Everything in the data below except the pictures must be repeated word for word.

BEGIN Source information

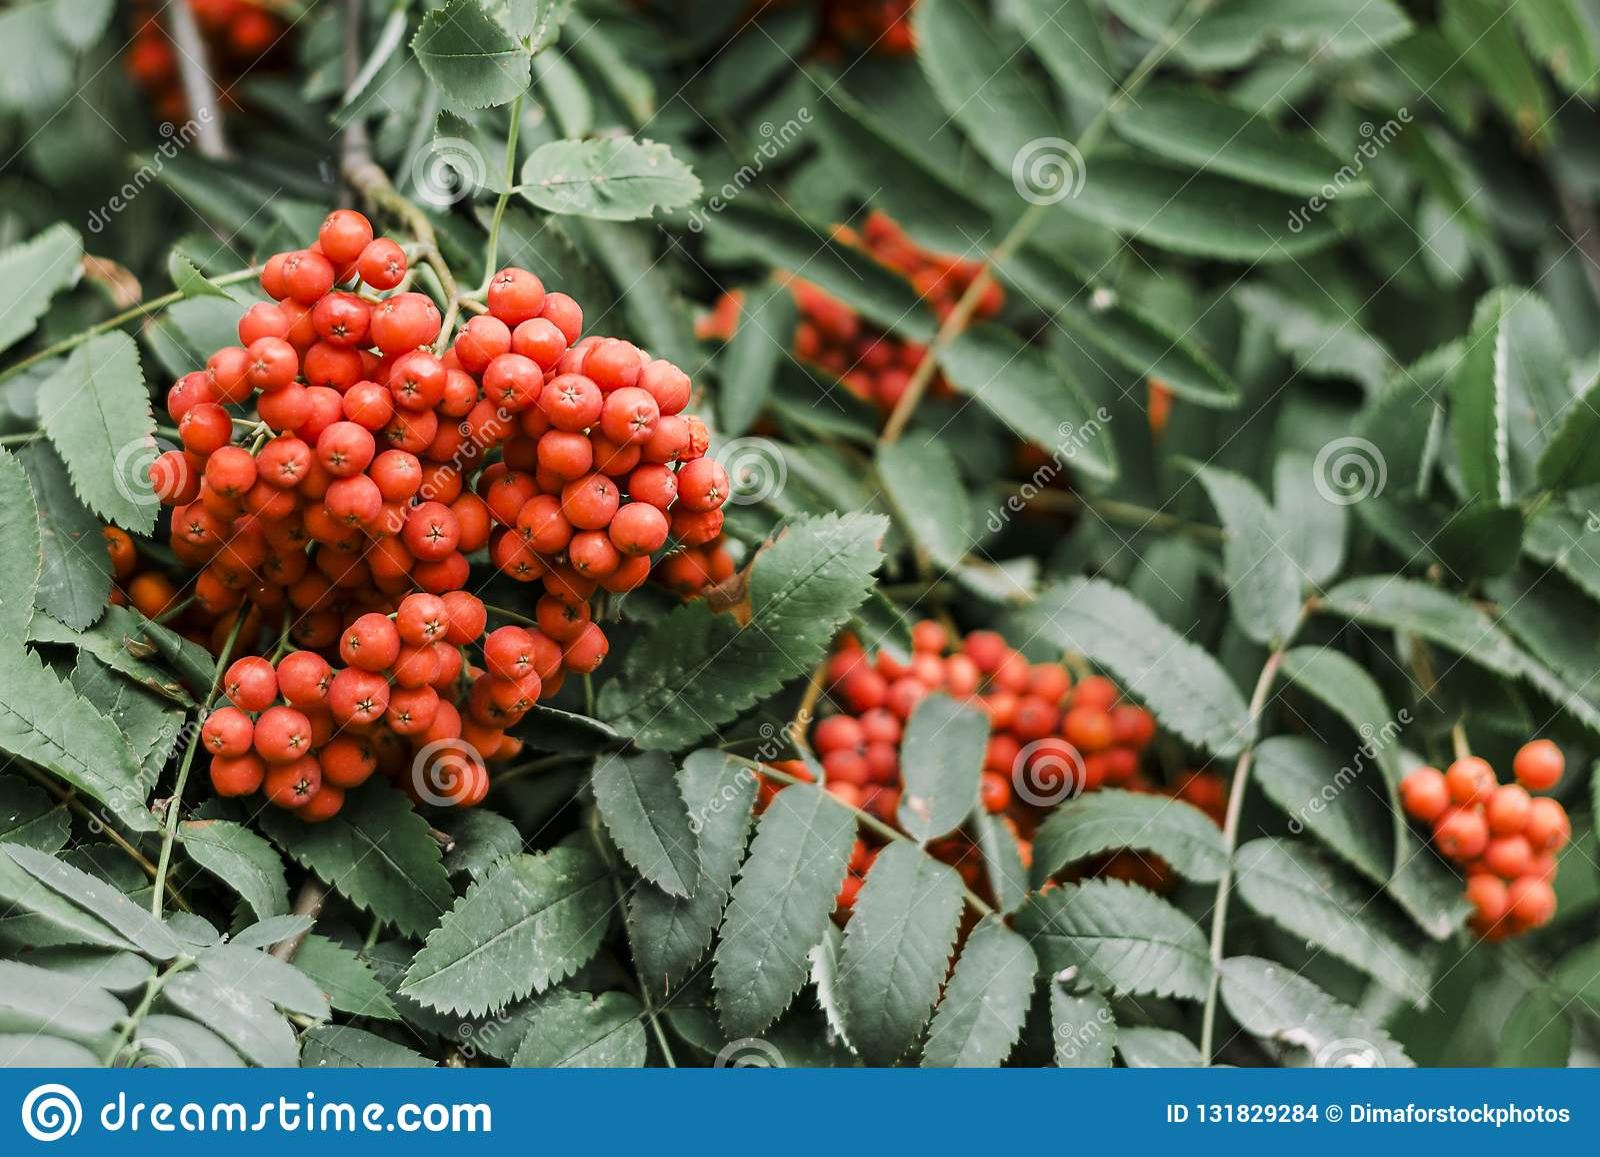 Κόκκινη σορβιά στα πράσινα φύλλα
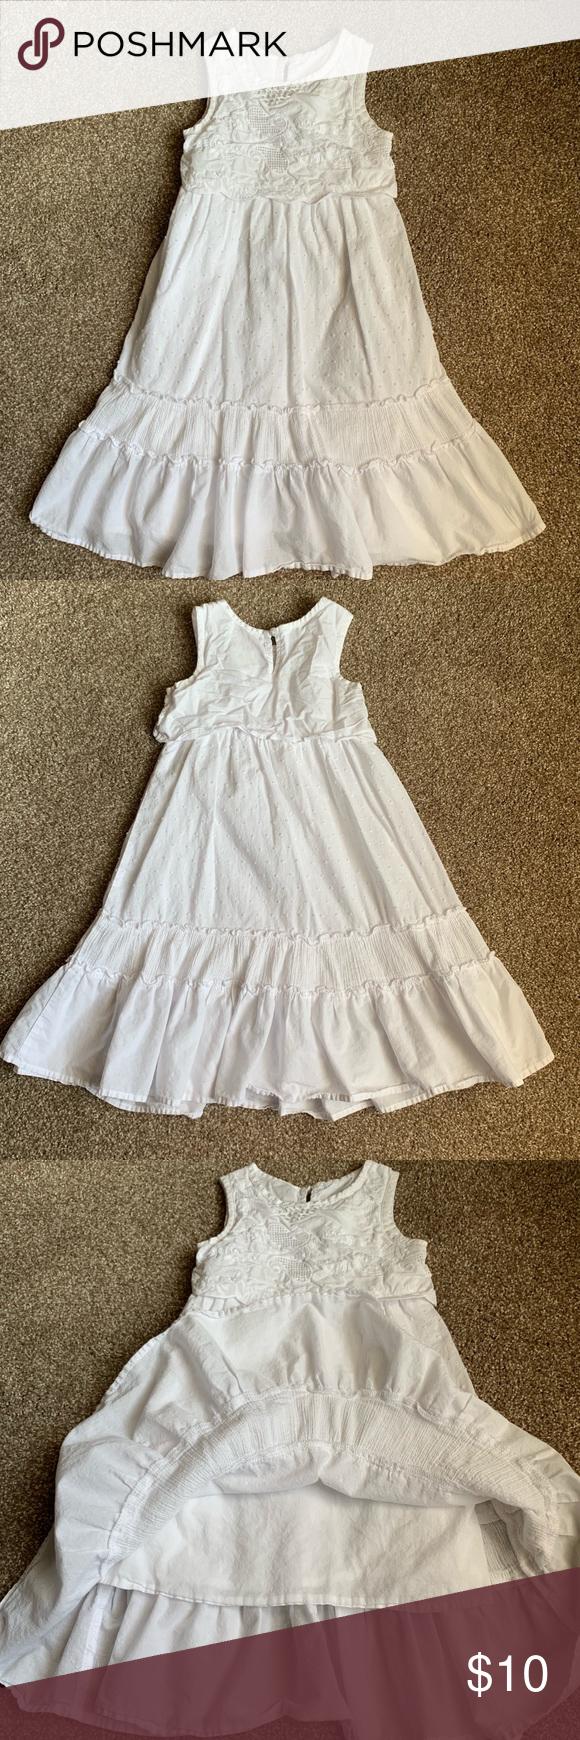 Toddler Girl S 2t Cherokee Long White Dress Toddler Girl S 2t Cherokee Long White Dress Has Lining Inside Dress Long White Dress Toddler Girl Dresses Dresses [ 1740 x 580 Pixel ]
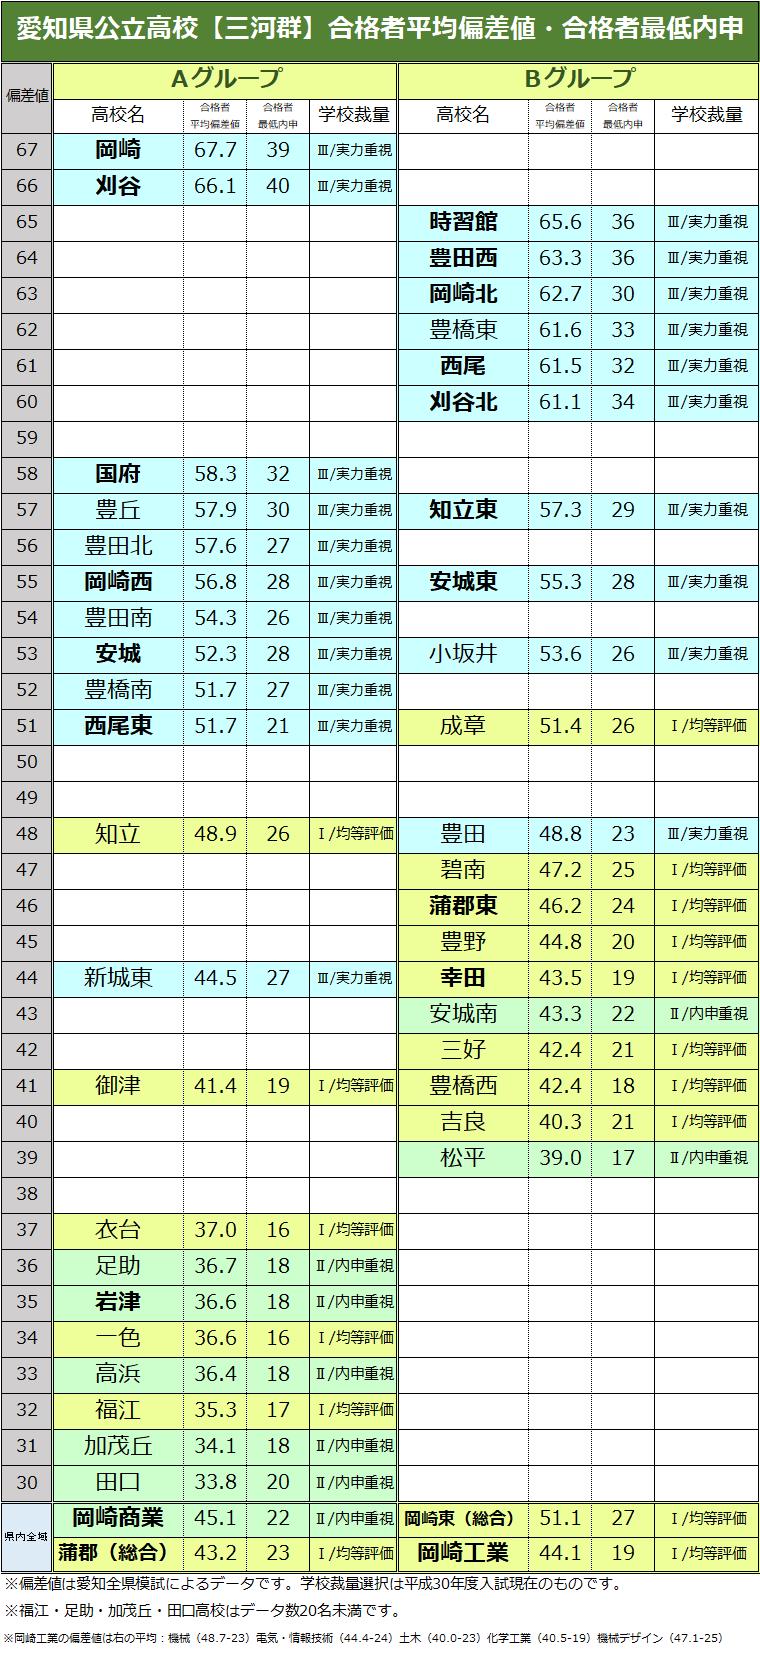 愛知県公立高校【三河群】ランキ...
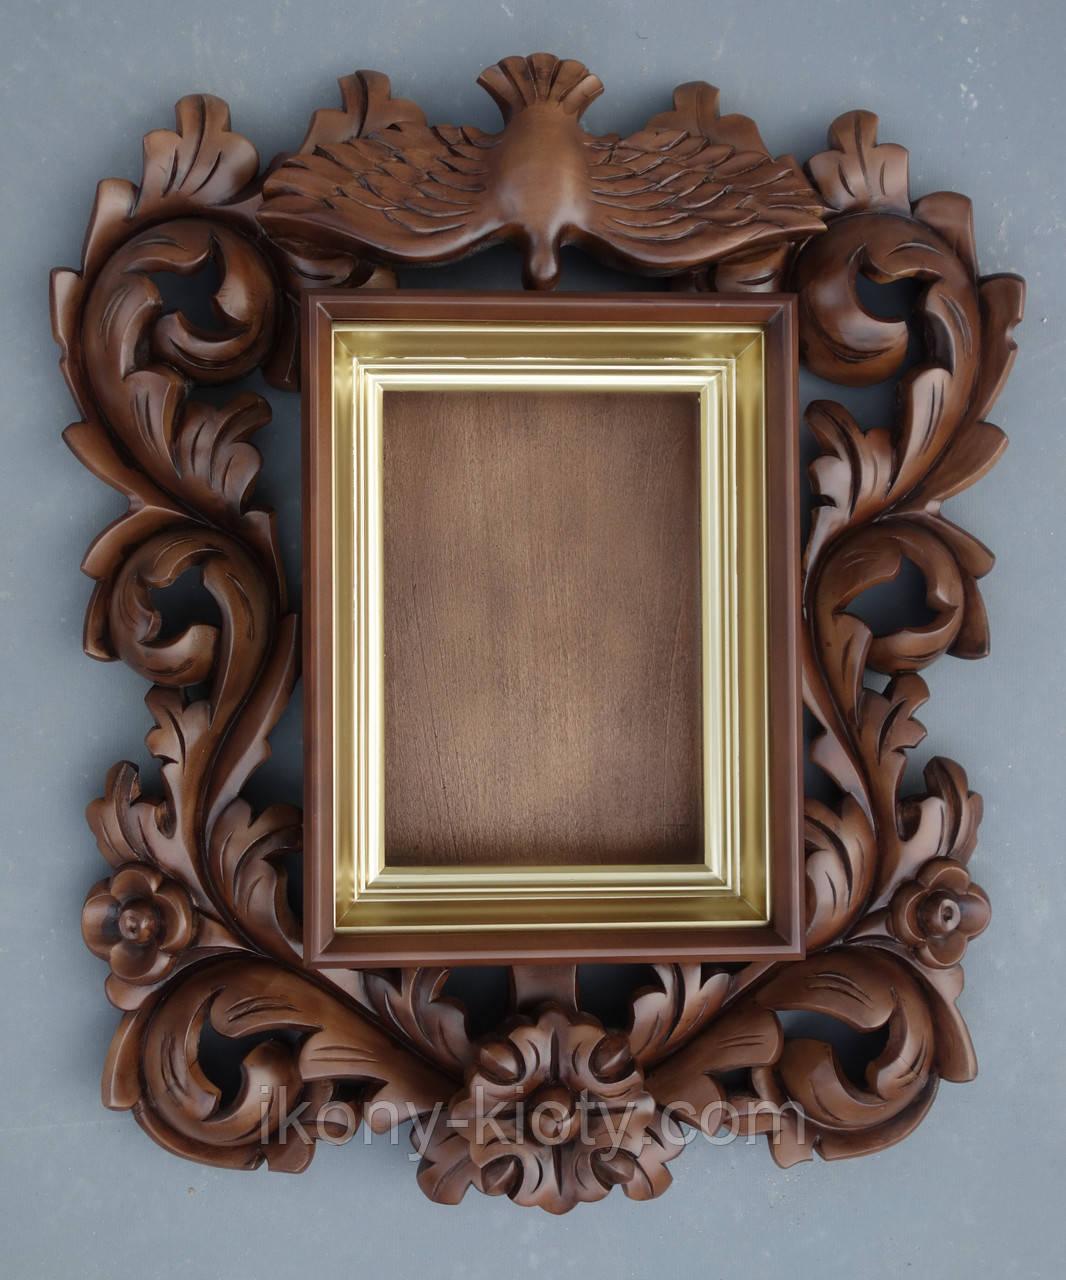 Киот для иконы резной в стиле украинского барокко с внутренней золочёной рамой.
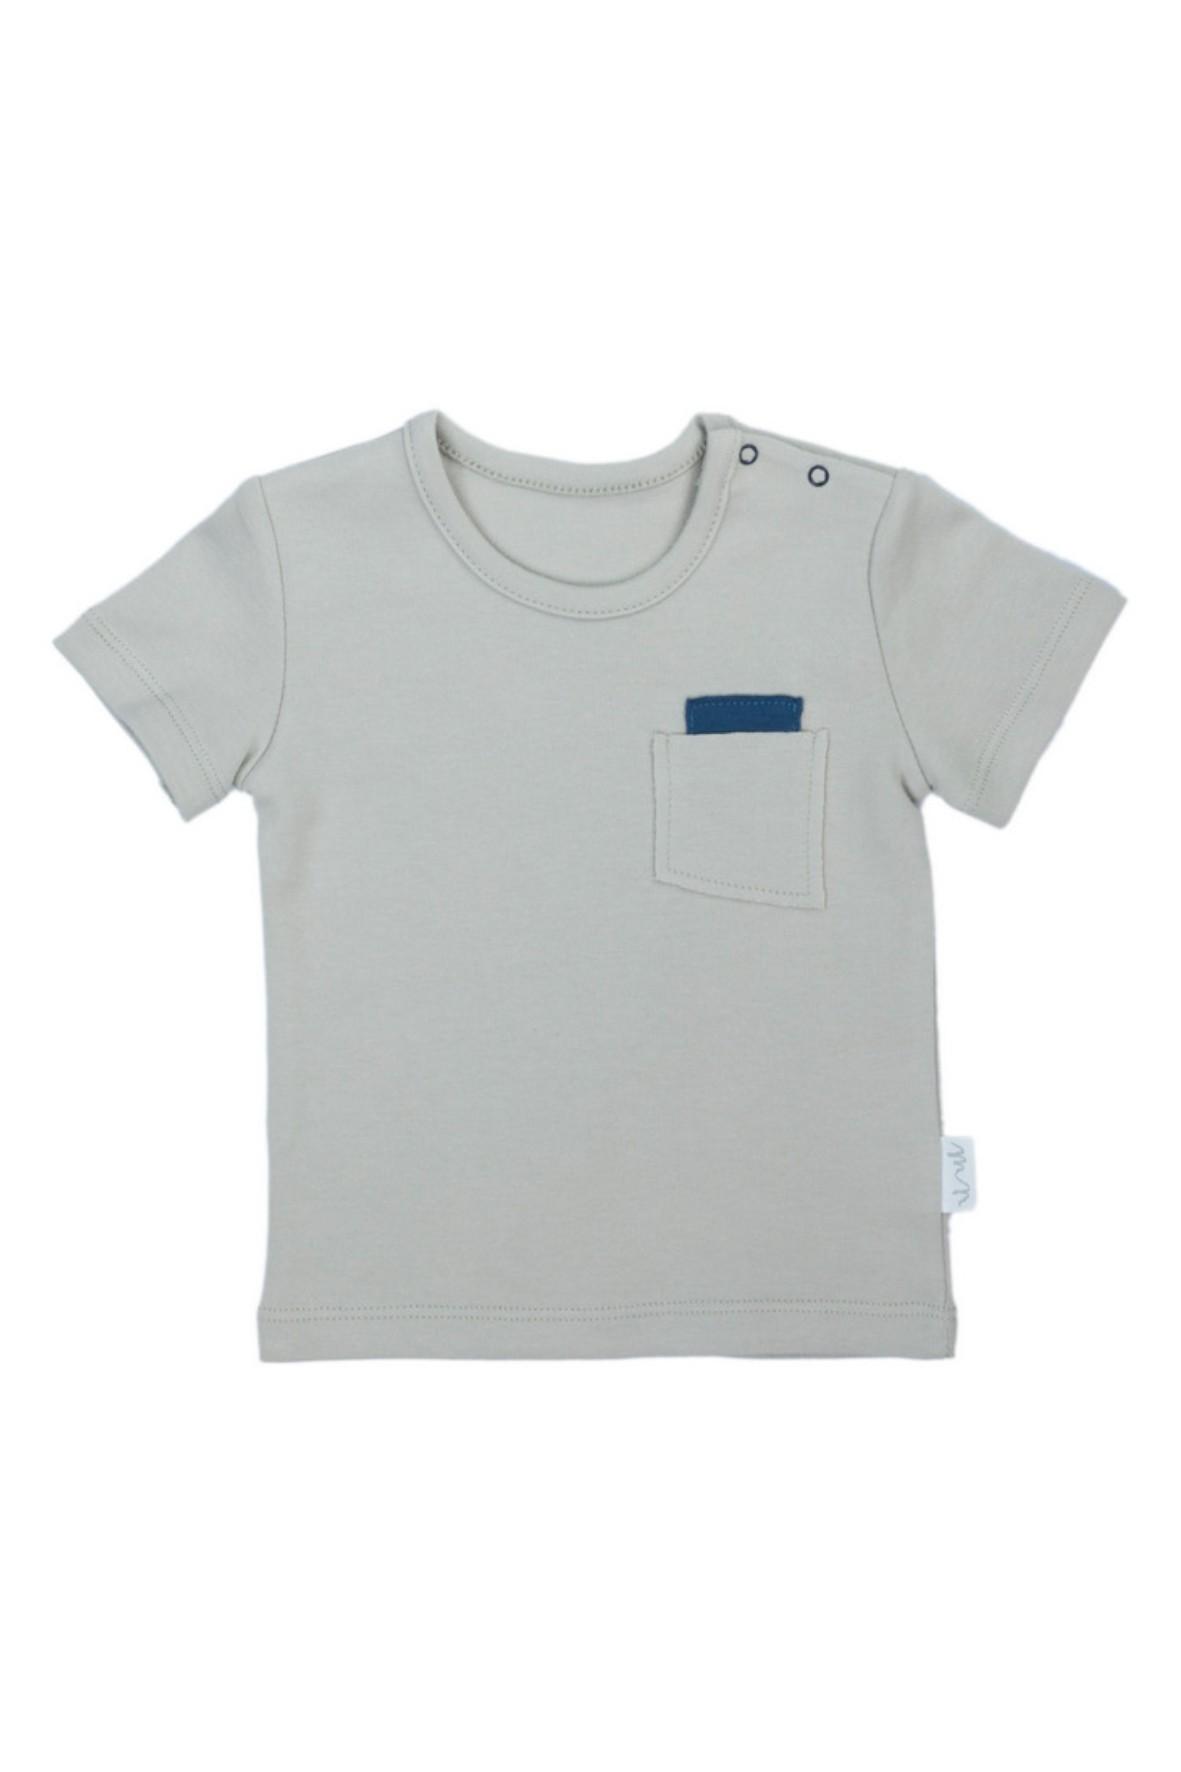 Koszulka chłopięca na lato z ozdobną kieszonką
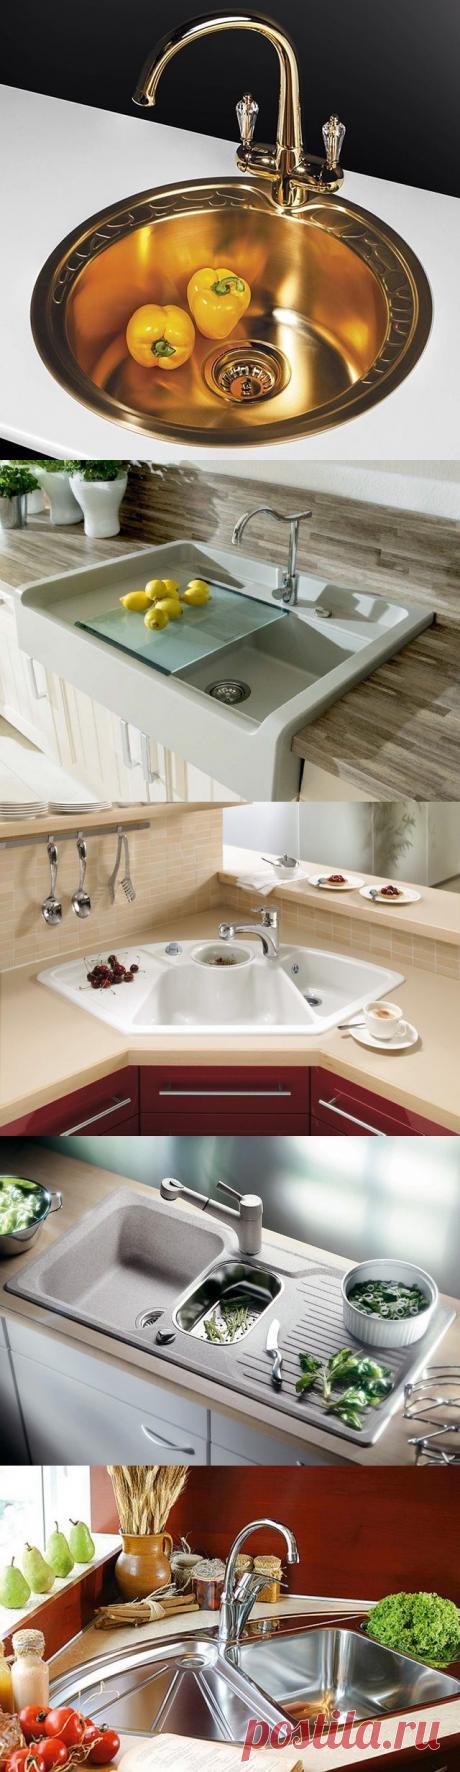 Мойки для кухни фото и, как правильно выбрать мойку для кухни.

END Source information

→ Task output:
 Κόκκινη σορβιά στα πράσινα φύλλα
 Toddler Girl S 2t Cherokee Long White Dress Toddler Girl S 2t Cherokee Long White Dress Has Lining Inside Dress Long White Dress Toddler Girl Dresses Dresses [ 1740 x 580 Pixel ]
 愛知県公立高校【三河群】ランキ...
 Киот для иконы резной в стиле украинского барокко с внутренней золочёной рамой.
 Koszulka chłopięca na lato z ozdobną kieszonką
 Мойки для кухни фото и, как правильно выбрать мойку для кухни.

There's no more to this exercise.